• How to complete this task:
Your answer must be a word-for-word copy of the listing, with all pictures excluded.

• Dataset section:

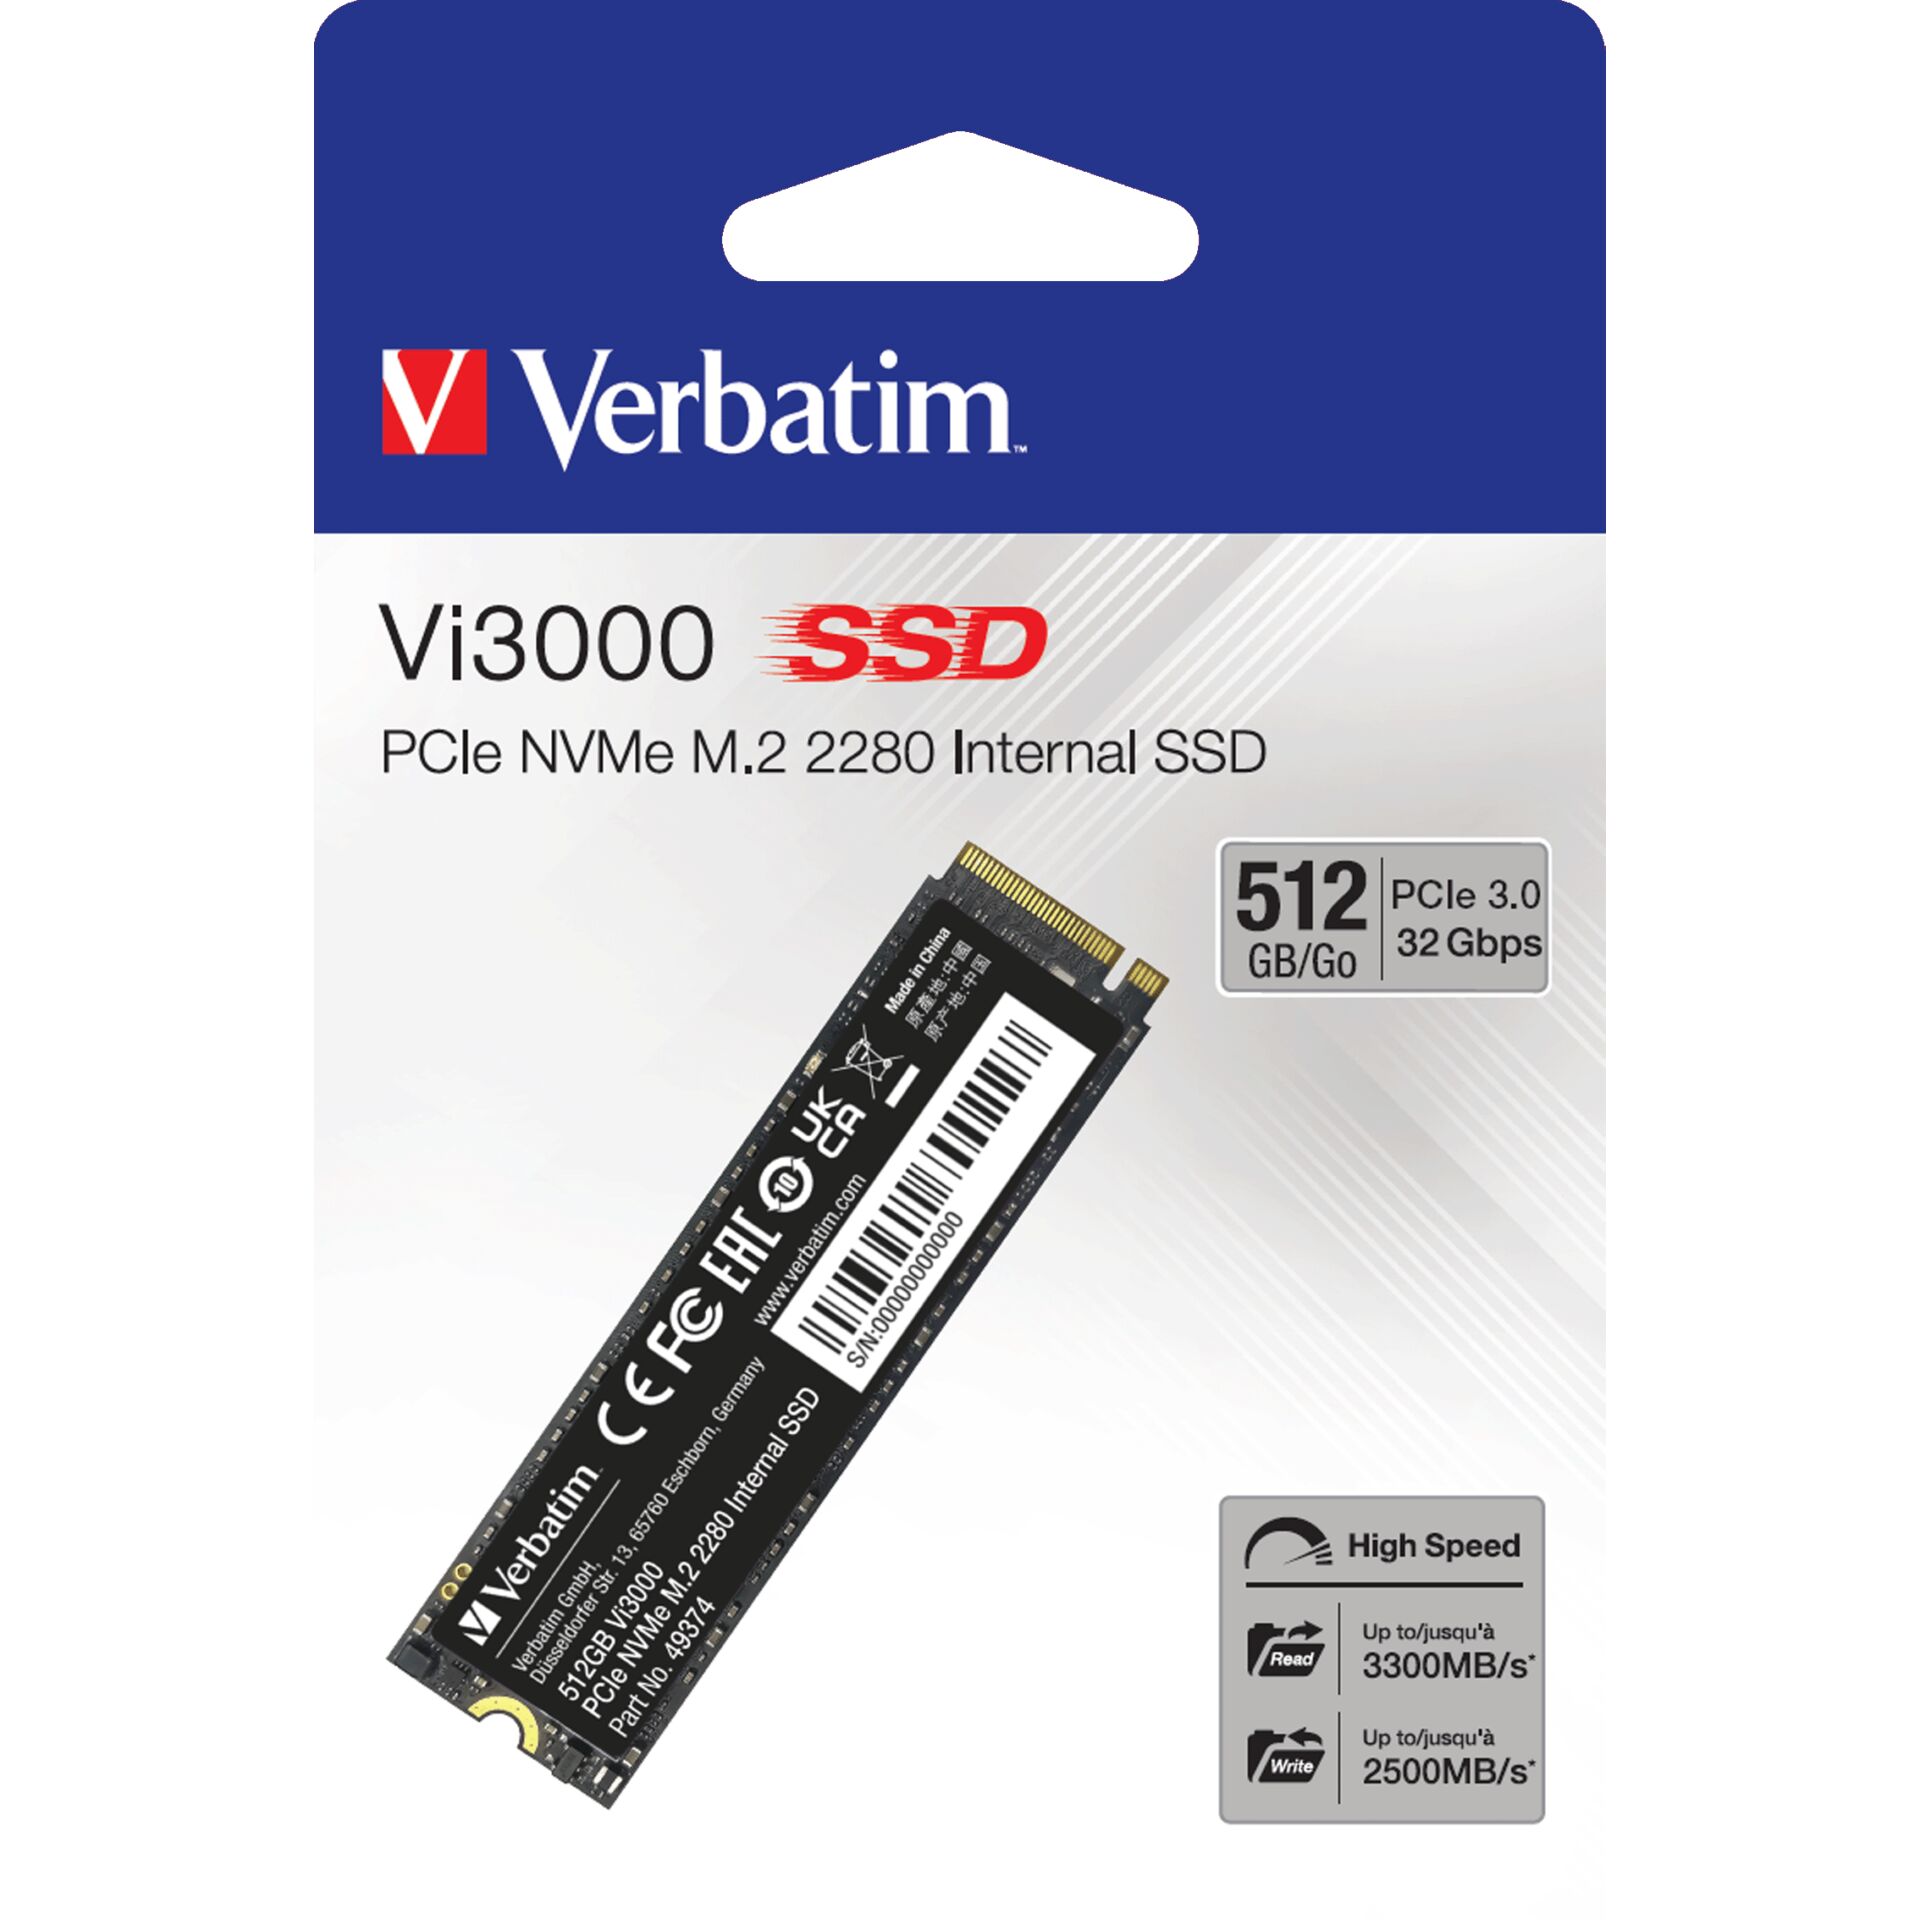 Verbatim Vi3000 PCle NVMe M.2 SSD 512GB                  493
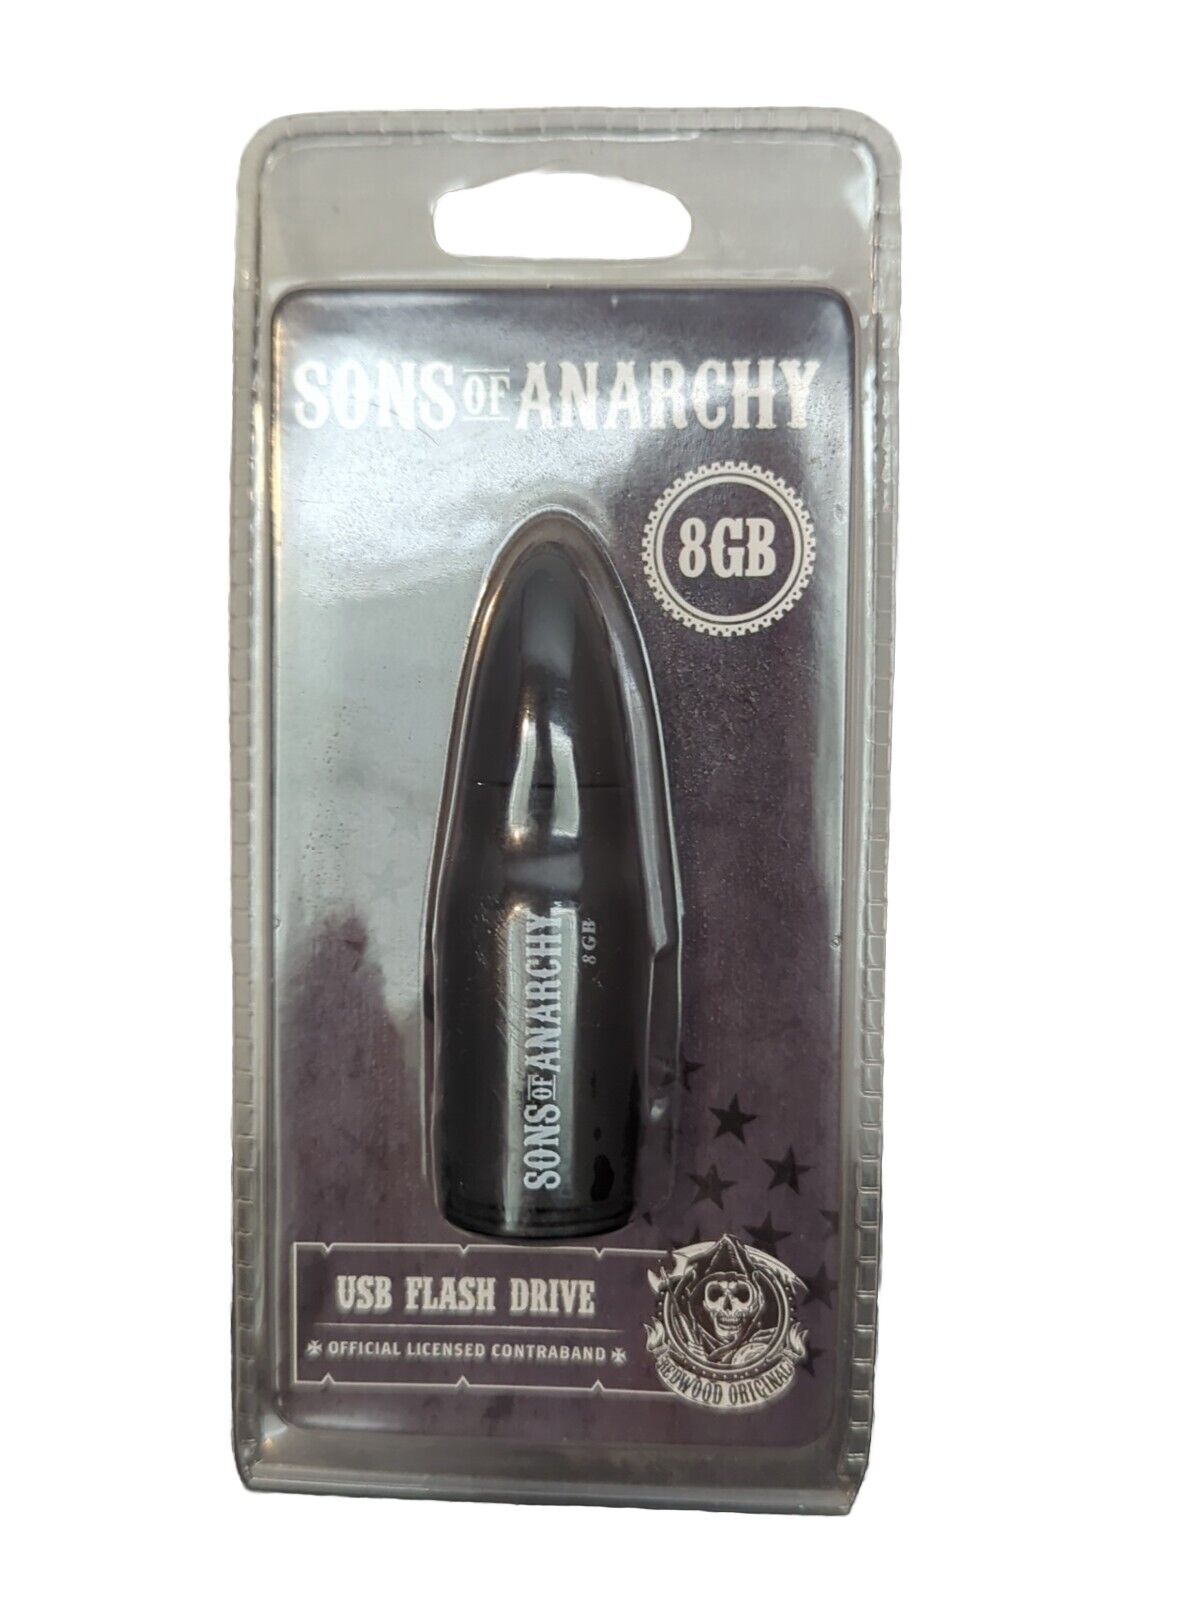 Sons Of Anarchy 8GB USB Flash Drive, Tribeca, 2012, Mac Or PC
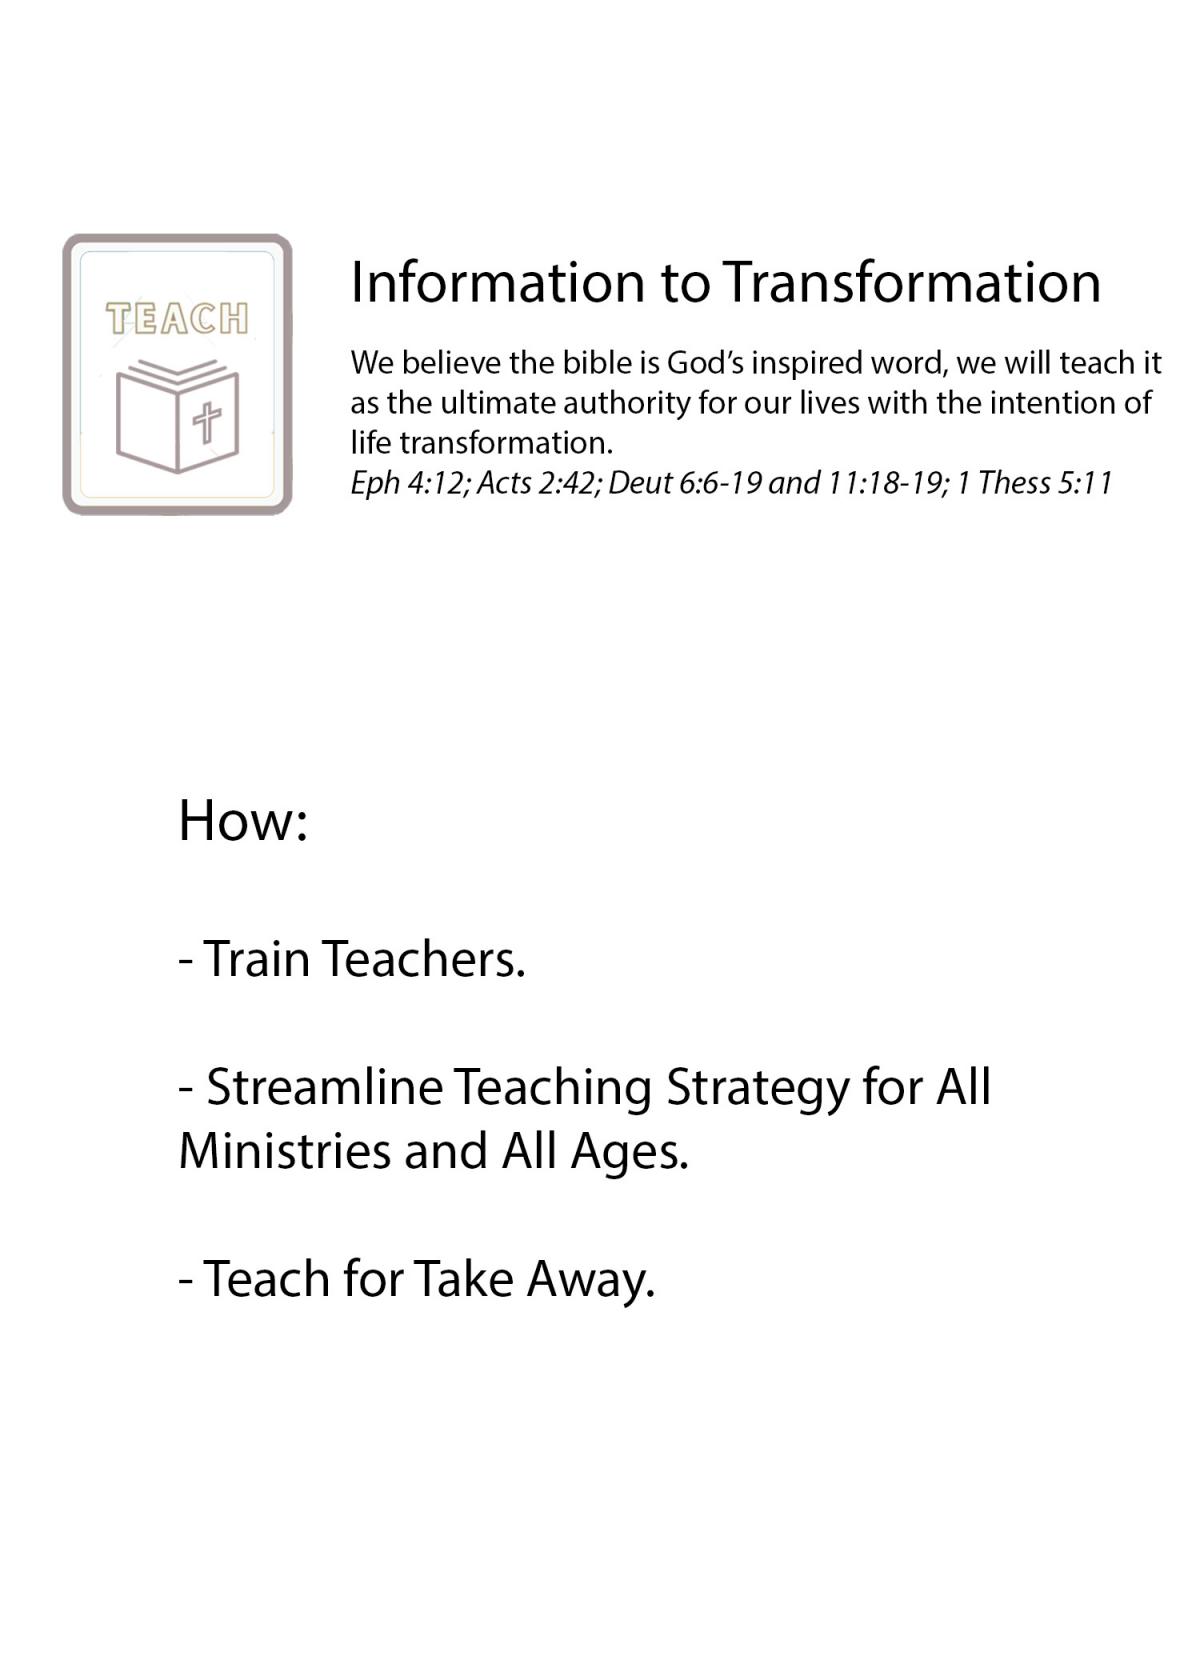 Teach info graphic 2.jpg

• Solution:
 Verbatim Vi3000 PCle NVMe M.2 SSD 512GB                  493
 Sons Of Anarchy 8GB USB Flash Drive, Tribeca, 2012, Mac Or PC
 Teach info graphic 2.jpg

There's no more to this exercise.